WHAT YOU ARE ASKED TO DO:
Repeat what the lines below say, word for word, and skip every image.

MATERIAL PROVIDED:
━━━

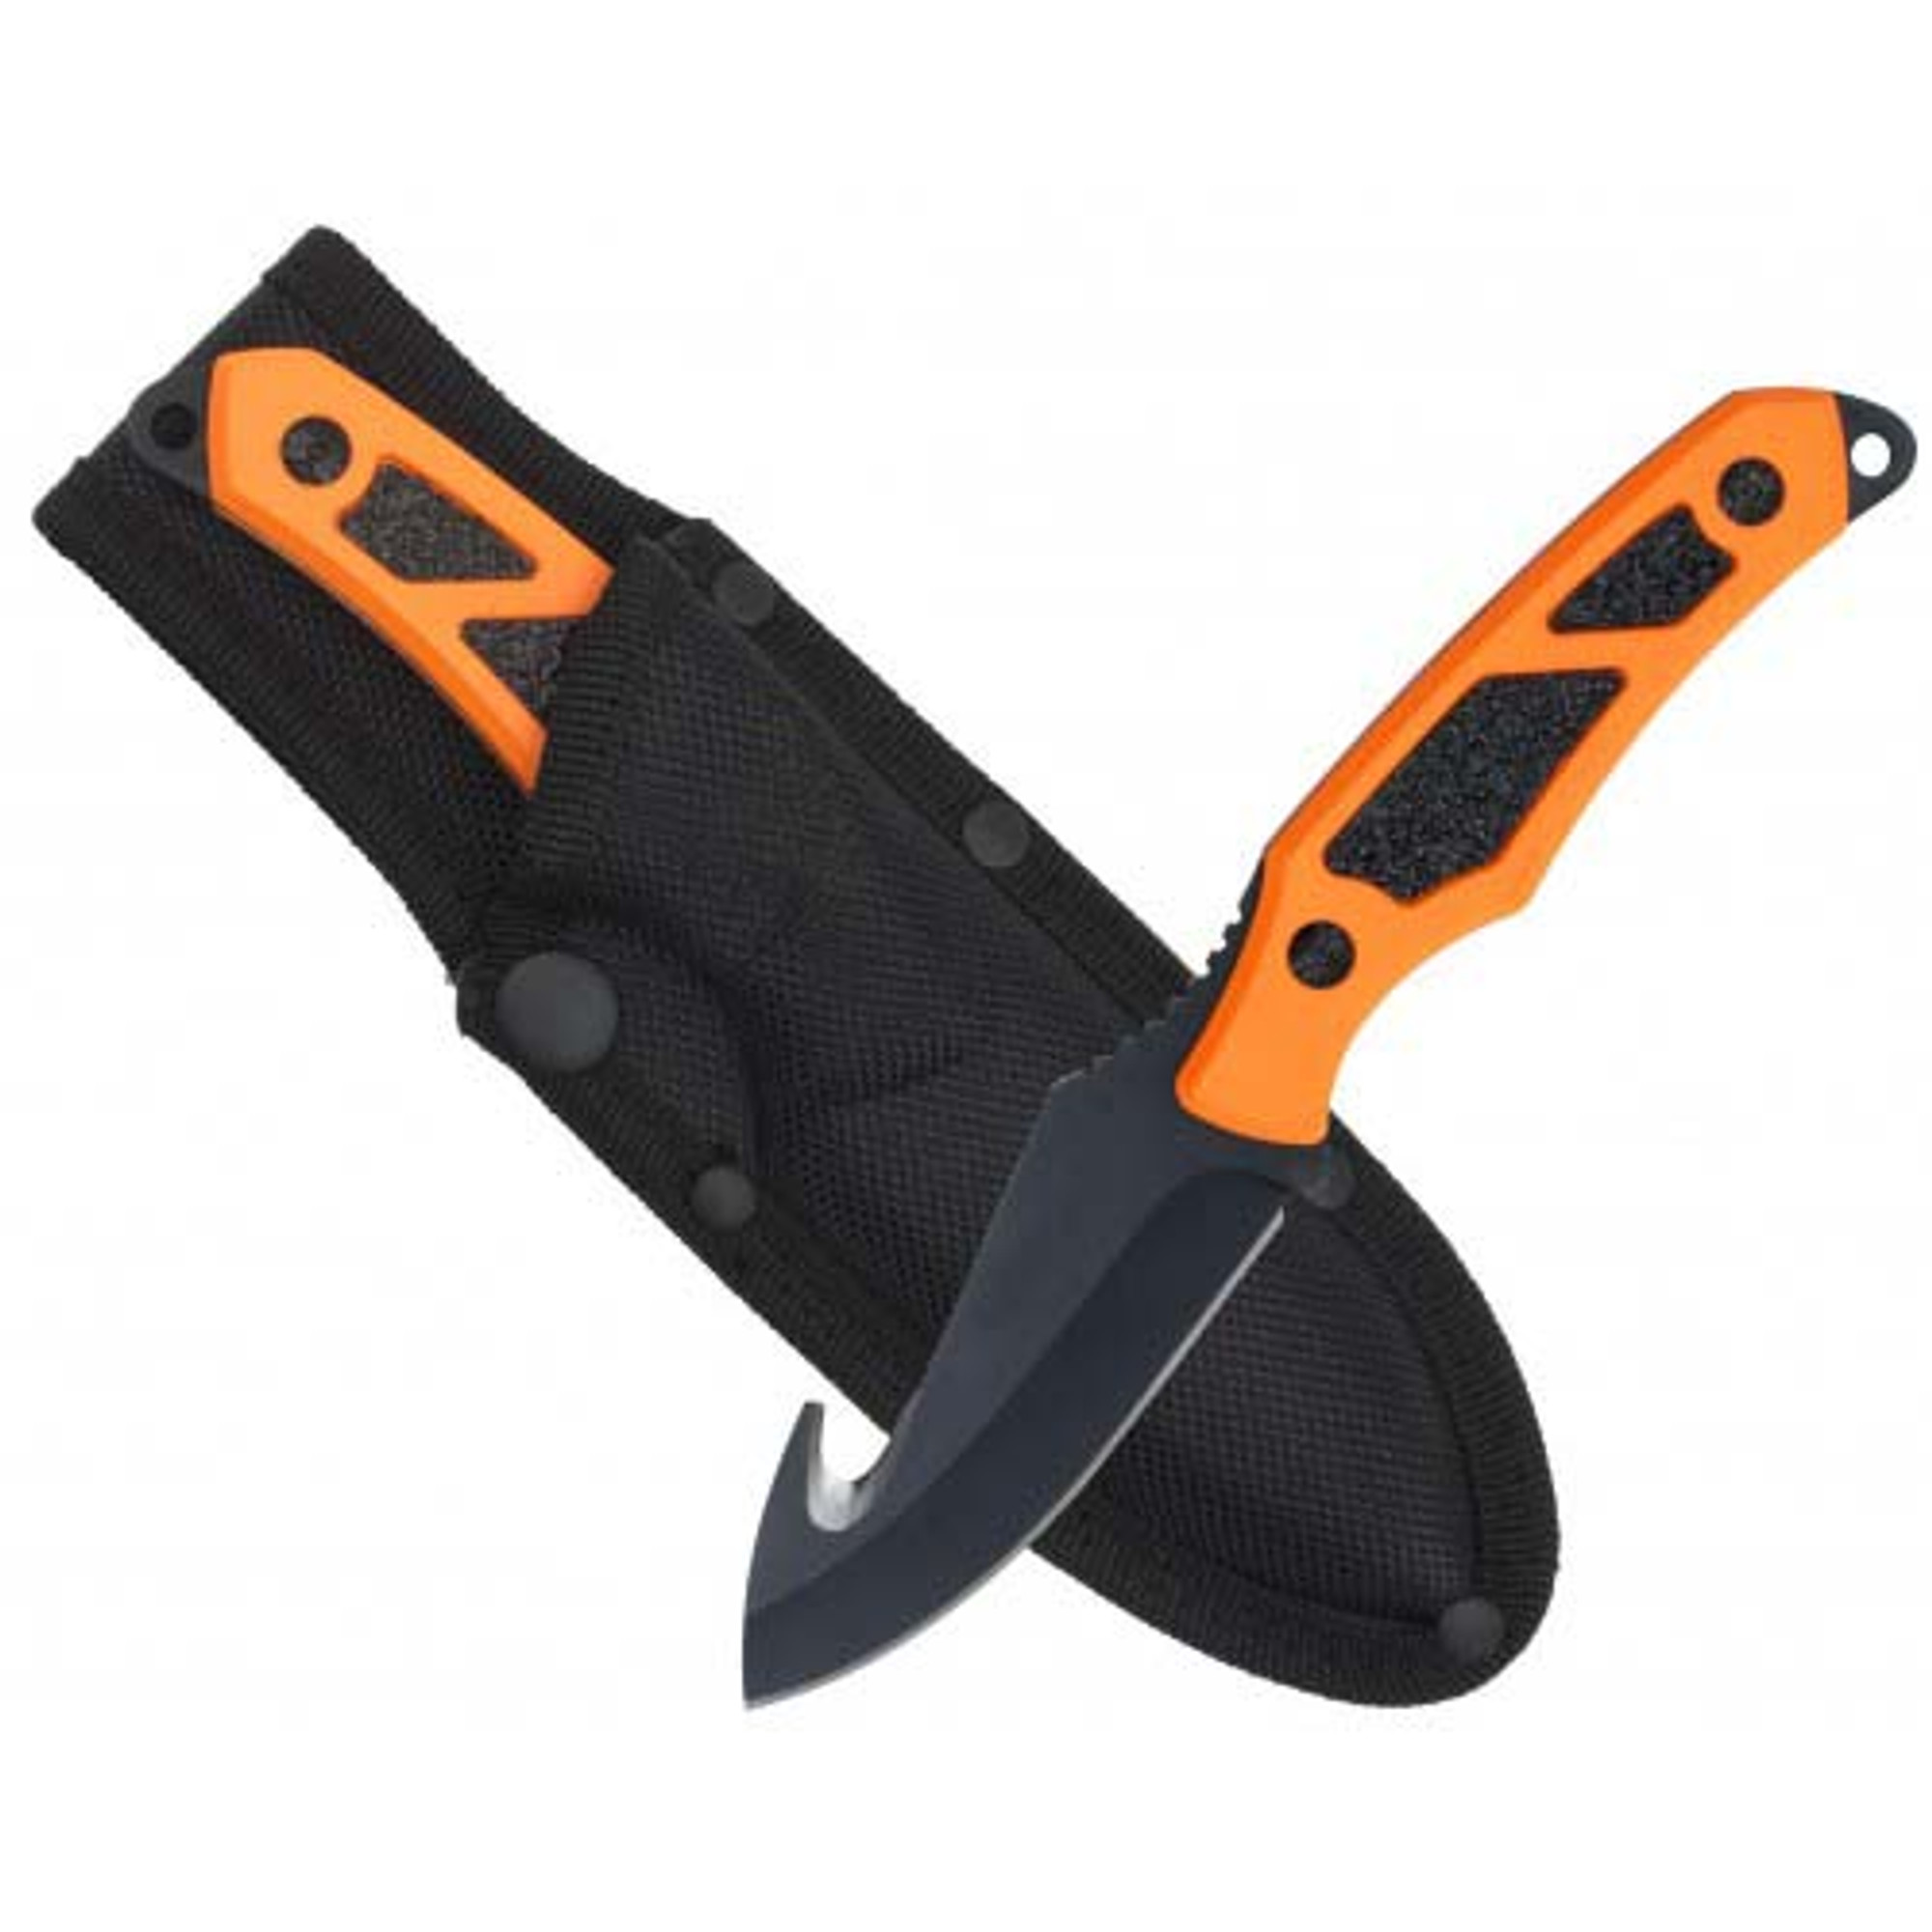 RUKO RUK0155BZ, 440A, 3-1/2" Fixed Gut Hook Blade Knife, Blaze Orange Aluminum Handle w/Grip tape Inserts, boxed
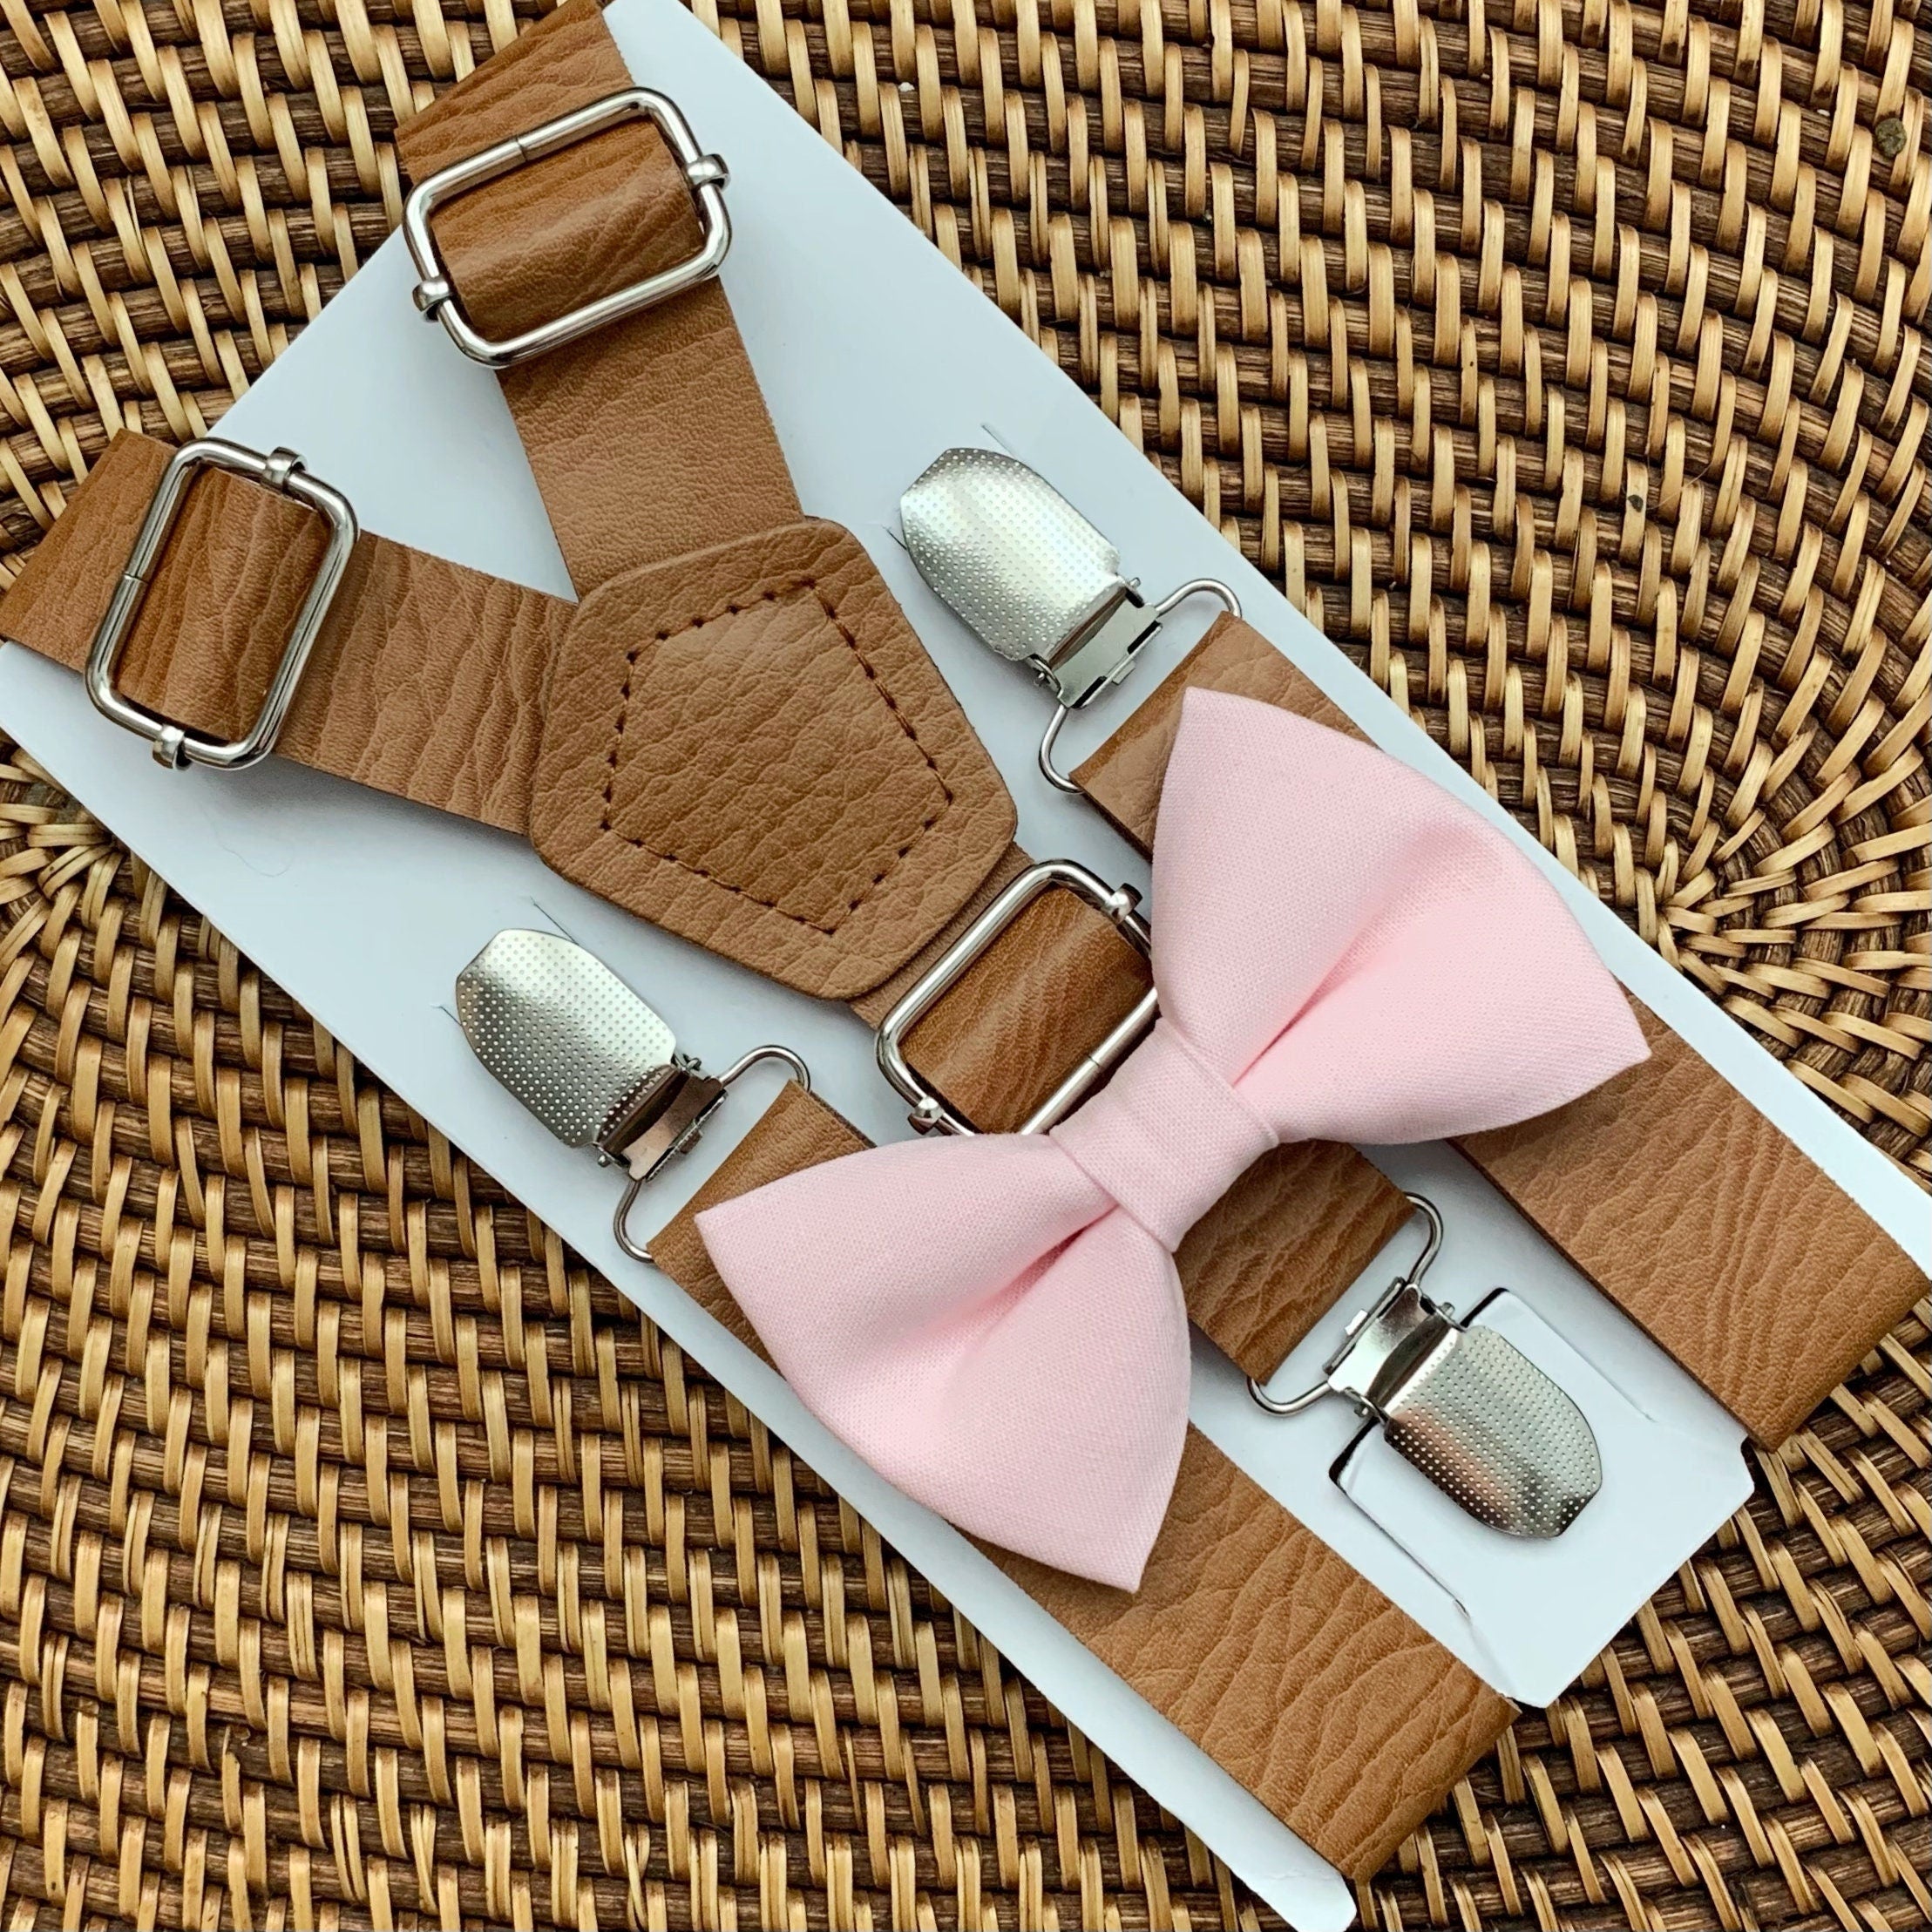 Blush Pink Bow Tie & Tan Vegan Leather Suspenders
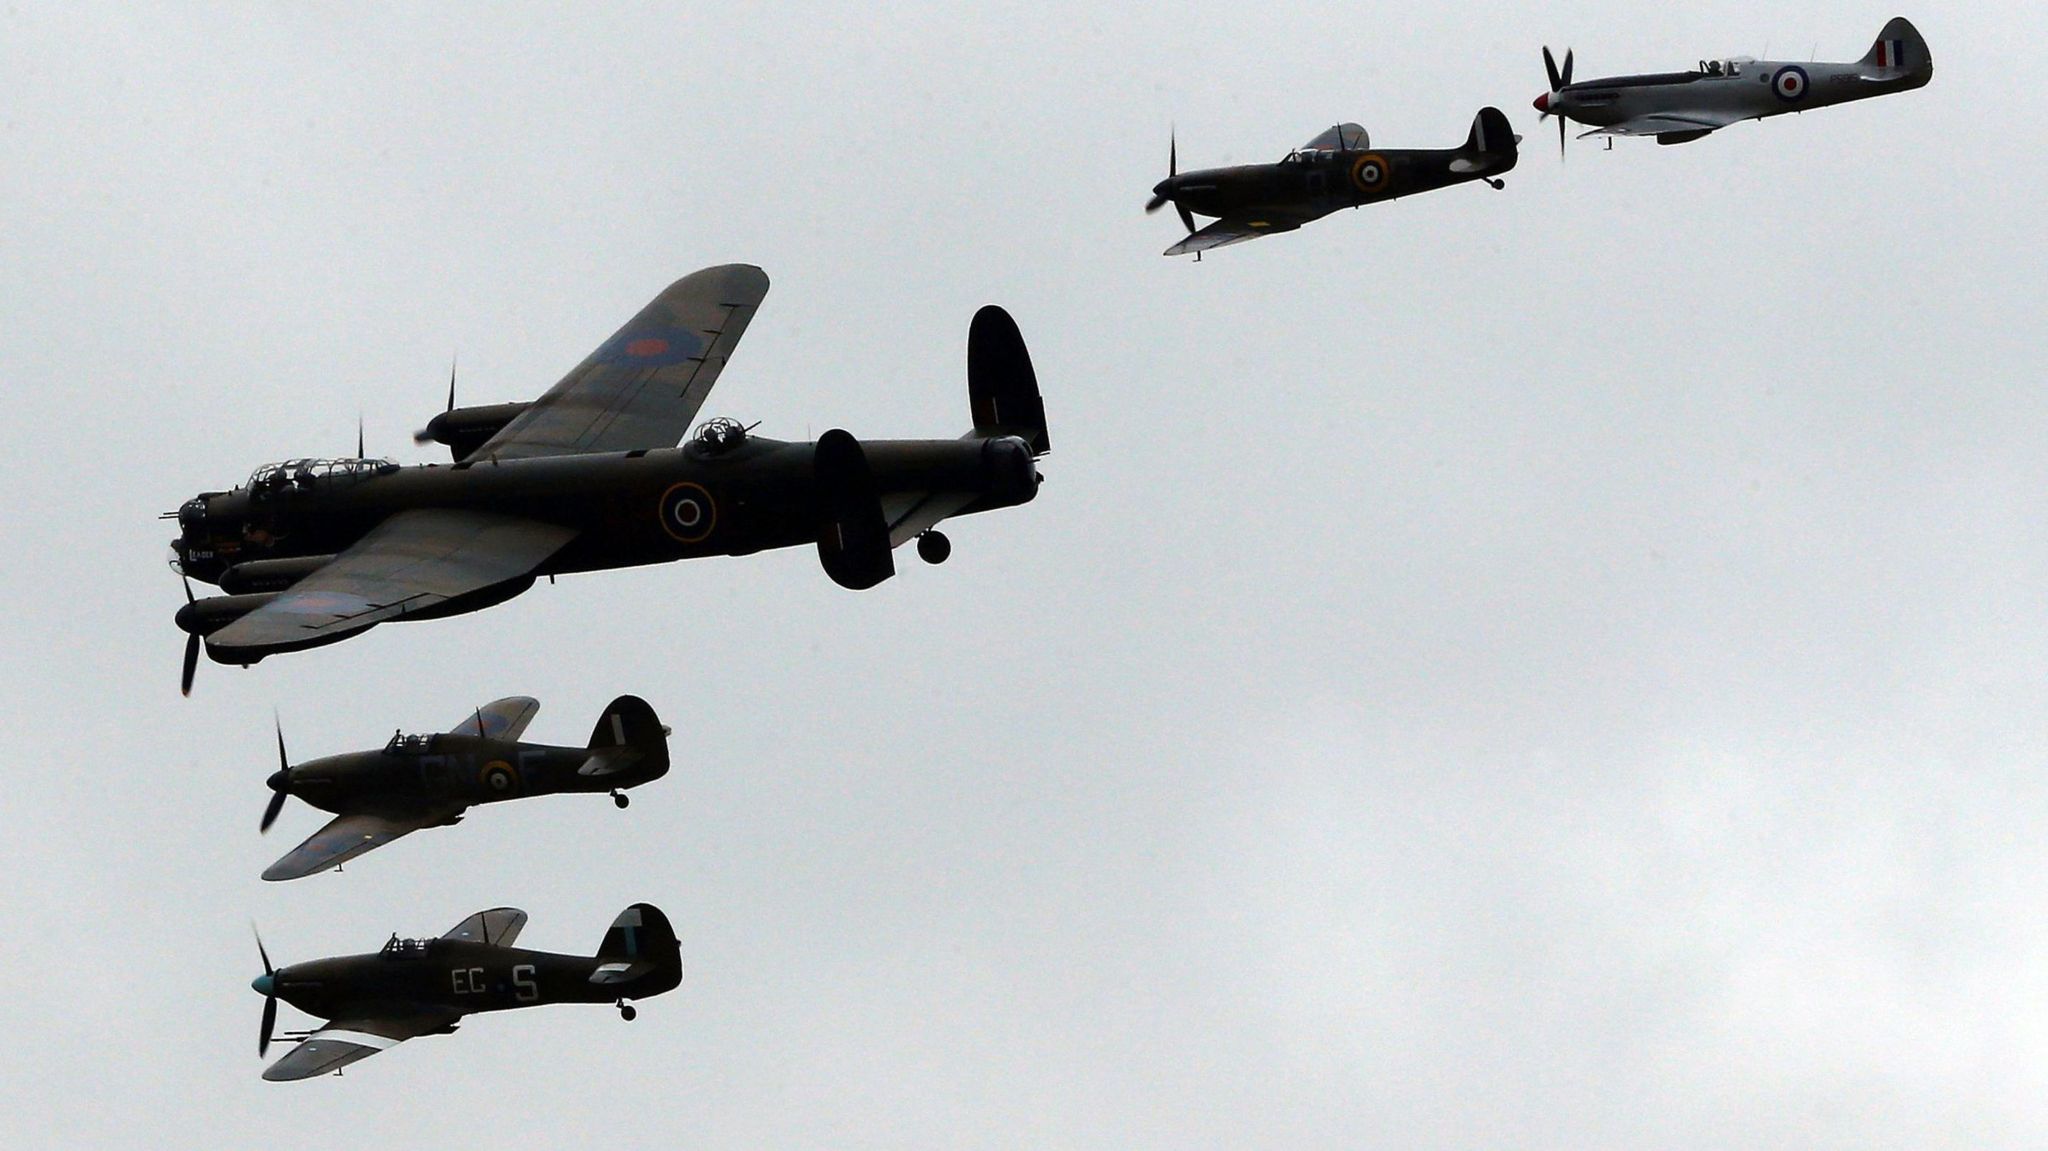 Battle of Britain Memorial Flight planes

━━━

ANSWER TO THE EXERCISE:
 RUKO RUK0155BZ, 440A, 3-1/2" Fixed Gut Hook Blade Knife, Blaze Orange Aluminum Handle w/Grip tape Inserts, boxed
 Blush Pink Bow Tie & Tan Vegan Leather Suspenders
 Battle of Britain Memorial Flight planes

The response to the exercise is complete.